CLASSIFICATION TREE ANALYSIS AS APPLIED TO MENA
REGIONS
Loyola
University Chicago
email:mcinar@luc.edu
Key Words:
Country Risk Scores, Middle East and North Africa, Decision Trees
Jel Codes: C11, C14,F37, G24
Abstract: IICR and ICRG country risk scores are
examined in a decision tree framework to analyze groupings on countries,
including Middle East and North Africa.
INTRODUCTION
The purpose of this paper is to examine if Middle East and North Africa (MENA) countries form a distinct financial risk group, based on financial predictor variables and country risk scores. Country risk scores are calculated internally by banks and other financial institutions to assess various risks facing international capital flows to countries around the world. What exactly determine each of the scores depend on the perspectives of the institutions which do the analysis and are kept confidential. The resulting risk scores are published or are distributed to clients of the firm.
The scores are calculated as a weighted basket of both financial and non-financial risk.
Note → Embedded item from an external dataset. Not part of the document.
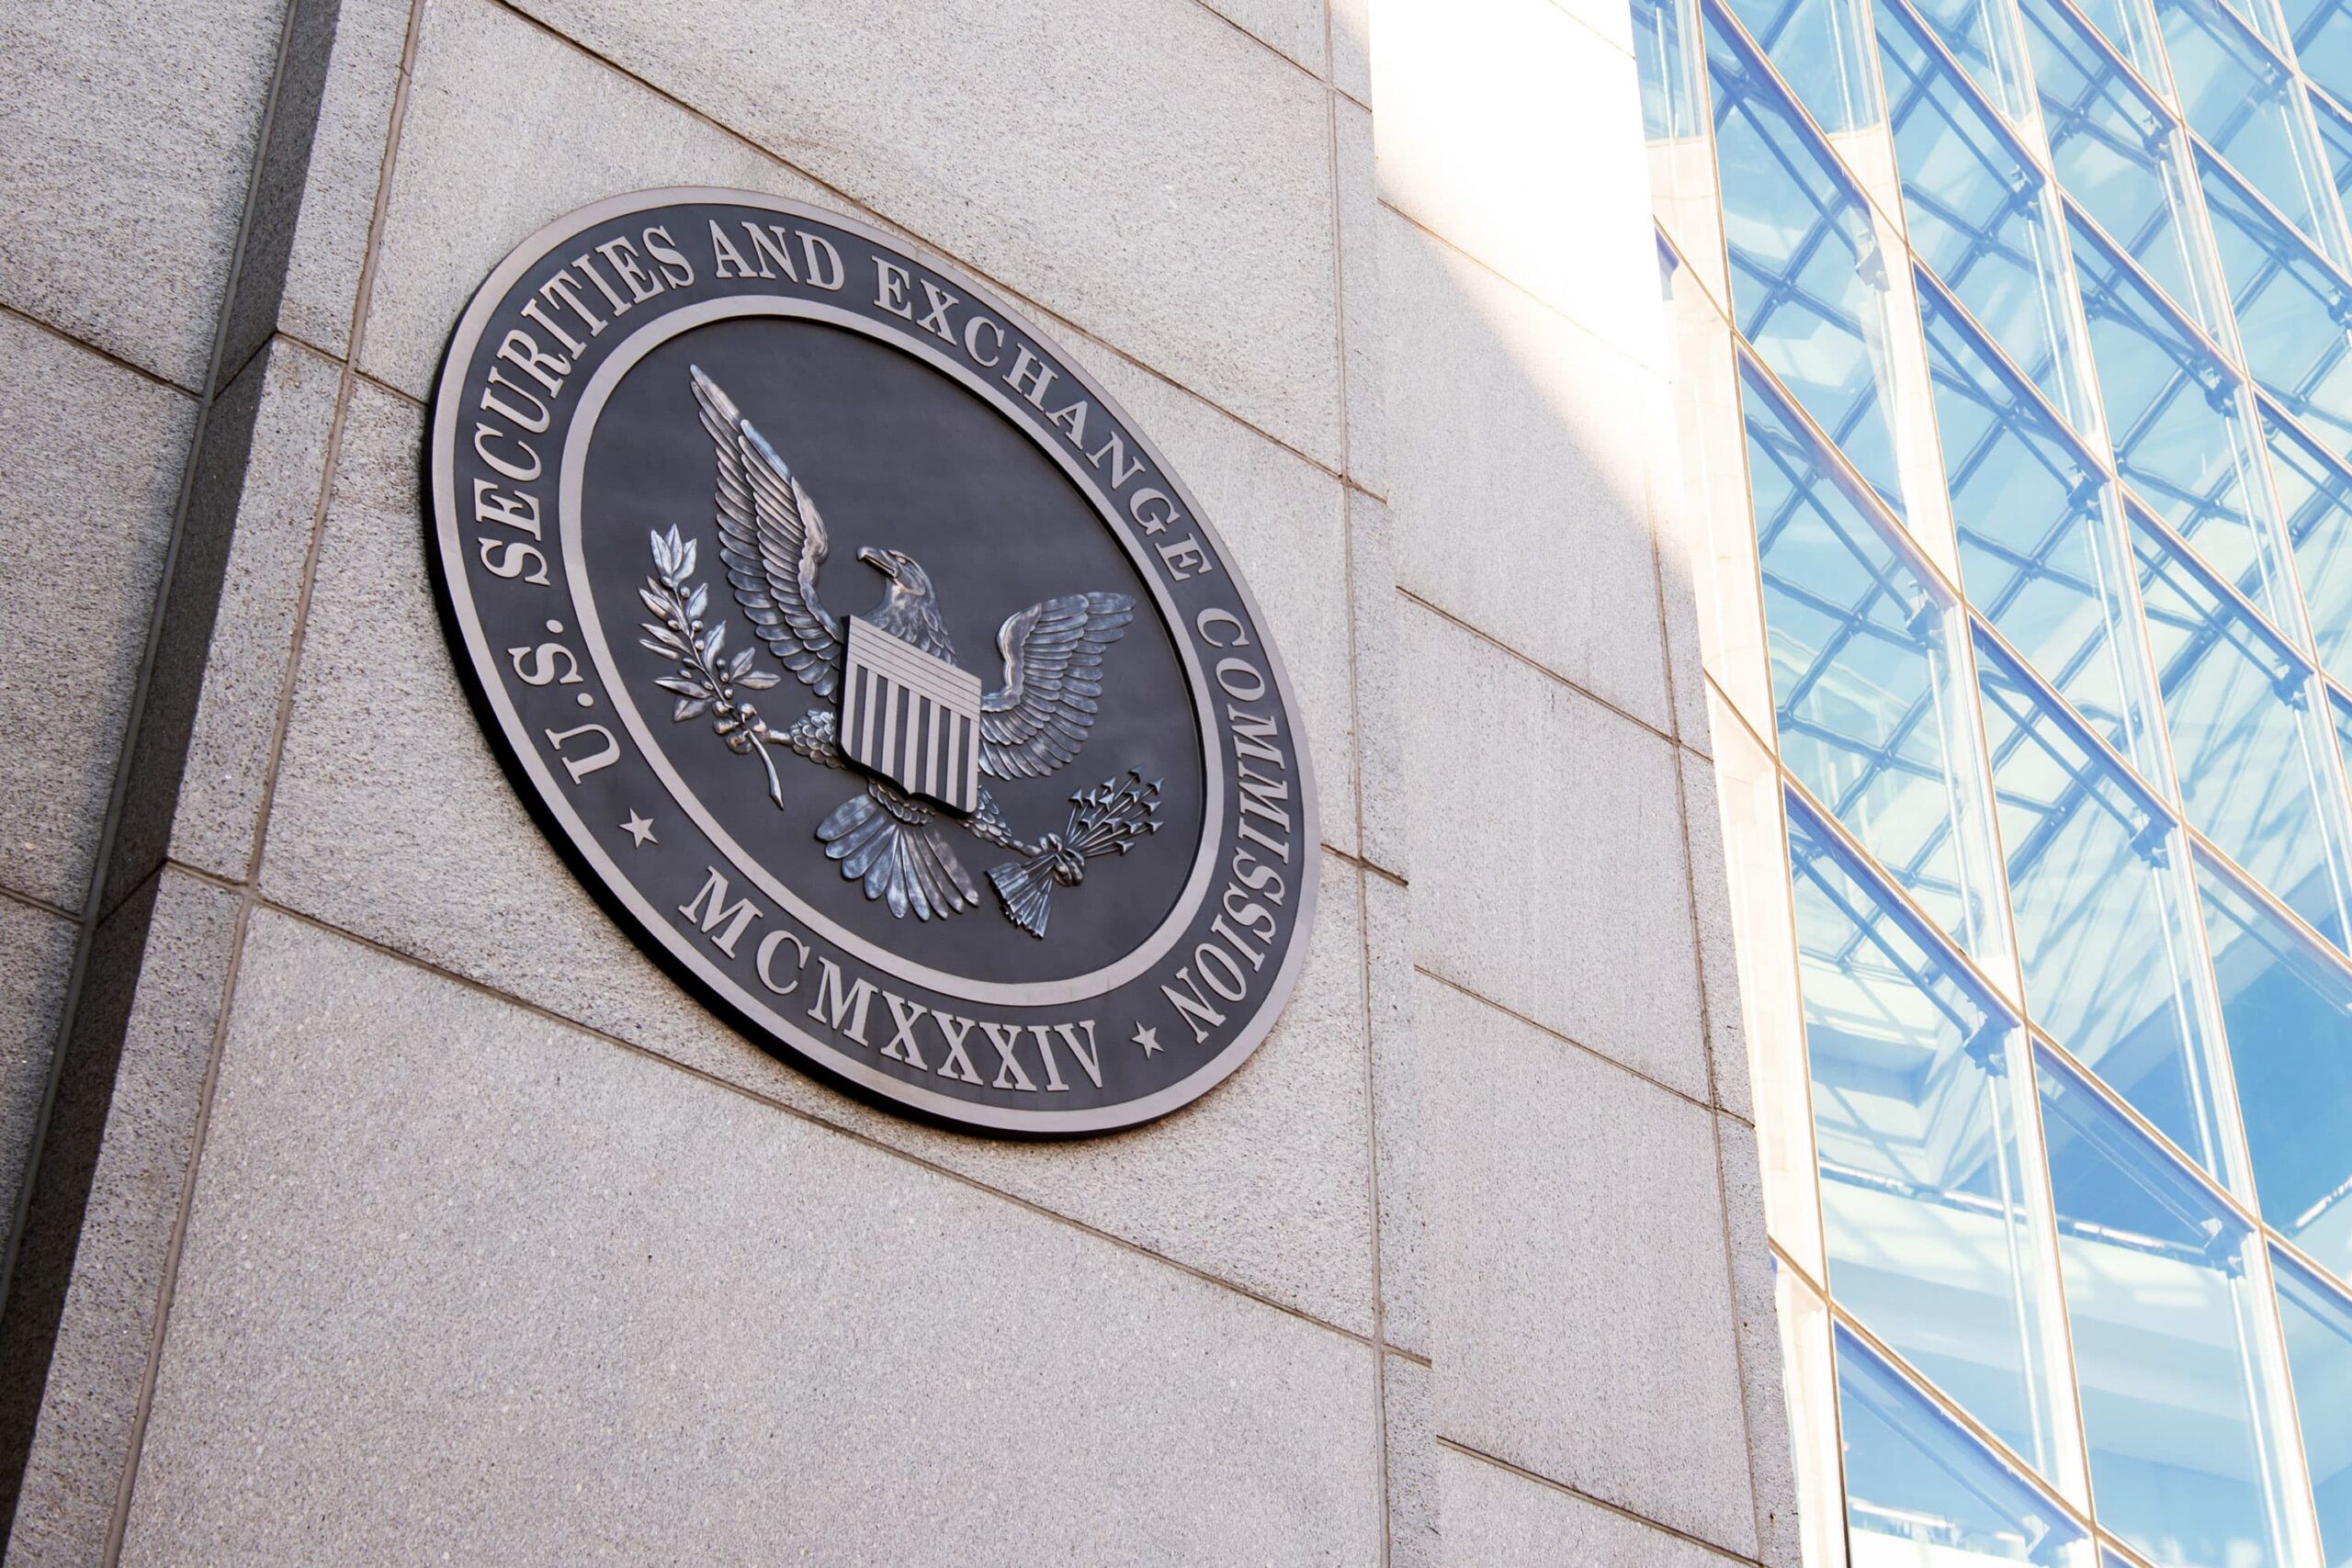 الهيئة الأمريكية للأوراق المالية والبورصات (SEC) تفرض غرامات على 16 وسيطًا ومستشارًا استثماريًا بسبب انتهاكات في الاتصالات غير الرسمية

A large category of non-financial risk is political risk, which includes a government takeover of the investment as well as other factors. Other factors may include consumers’ preference, if strong, for domestic goods, legal and political infrastructure for foreign capital, the probability of war or political instability and obstruction of financial transfers. Financial risk variables are also very important in composing the risk indexes. The health of the balance of payments accounts, the possibility of recessions, the health of the banking system, the growth potential of GNP, regulatory and financial environment are some of the variables considered in calculating financial risk.
Uses of country risk scores are more an art than a science, especially since the scores are in a continual basis (from zero to 100 in theory). Bhalla (1983) promoted the use of financial versus socio-political risk matrices which are still used by some fund managers. The clustering of lower risk countries (both in political and economic) terms has been one of the primary reasons where majority of financial flows in the world are concentrated in a few developed countries (the EU countries) and in few developing ones (Mexico, India and China). A previous study has examined the relationship between international poverty and country risk scores (Cinar, 2000) and this study concentrates on whether the MENA region exhibits certain special country risks when compared with other regions in the world.
Many services measure country risk, including Bank of America World Information Services,
Business Environment Risk Intelligence (BERI) S.A., Control Risks Information
Services (CRIS), Economist Intelligence Unit (EIU), Euromoney, Institutional Investor, Standard &
Poor's Rating Group (S&P), Political Risk Services: International Country
Risk Guide (ICRG), Political Risk Services: Coplin-O'Leary Rating System, and
Moody's Investors Service. Each of the
above institutions provide qualitative and quantitative information as well as
a single index or rating. The two most
prominent among the above are the Institutional Investor (IICR) and
International Country Risk Guide (ICRG). Institutional Investor credit ratings
are based on a survey of leading international bankers, who are asked to rate
each country on a scale from 0 to 100 (100-best credit rating) which are then
averaged (with larger weights assigned to institutions with large world-wide
exposures). Each institution uses their
own internal formula to rank the
importance of different factors affecting the countries. Erb et. al. (1996) provide a cross-country
comparison of S&P and Moody's ratings with the IICR and ICRG ratings as of
October 1995. They find that S&P
and Moody's ratings have a close
correspondence with the IICR credit-risk measure (rank order correlation of 95
percent) and with the ICRG financial rating (rank order correlation of 90
percent) and the correlations are weaker for the other measures. They conclude by noting the ICRG
composite index contains considerable information in terms of forecasting
risk-adjusted returns on the portfolios they construct. Erb, et. al (1995) also find that country credit ratings have substantial predictive
power in differentiating between high
and low expected portfolio returns and are very effective tools. Following their studies, this study examines
IICR and ICRG credit ratings with respect to MENA countries. Data in the learning sample are available on
these two scores (as well as a set of financial and other variables) for 63
countries.
STUDY METHOD: CLASSIFICATION TREES, A NON-PARAMETRIC APPROACH
Country risk scores do not satisfy the
stringent theoretical and distributional assumptions (such as white noise
errors, normality assumptions) of more traditional methods. Instead, a non-parametric method from
artificial intelligence is used in this study:
classification trees are used to predict high versus low risk countries,
or MENA, non-MENA countries by using
country-based predictor variables.
Classification tree analysis is one of the main techniques used
in data mining. The analysis is similar to discriminant analysis, cluster analysis, and is nonparametric
statistics with nonlinear estimation. The decision process used by classification trees provide an
efficient method for sorting countries with high versus low risk, given the
black box formulations which are used in calculating the country risk scores.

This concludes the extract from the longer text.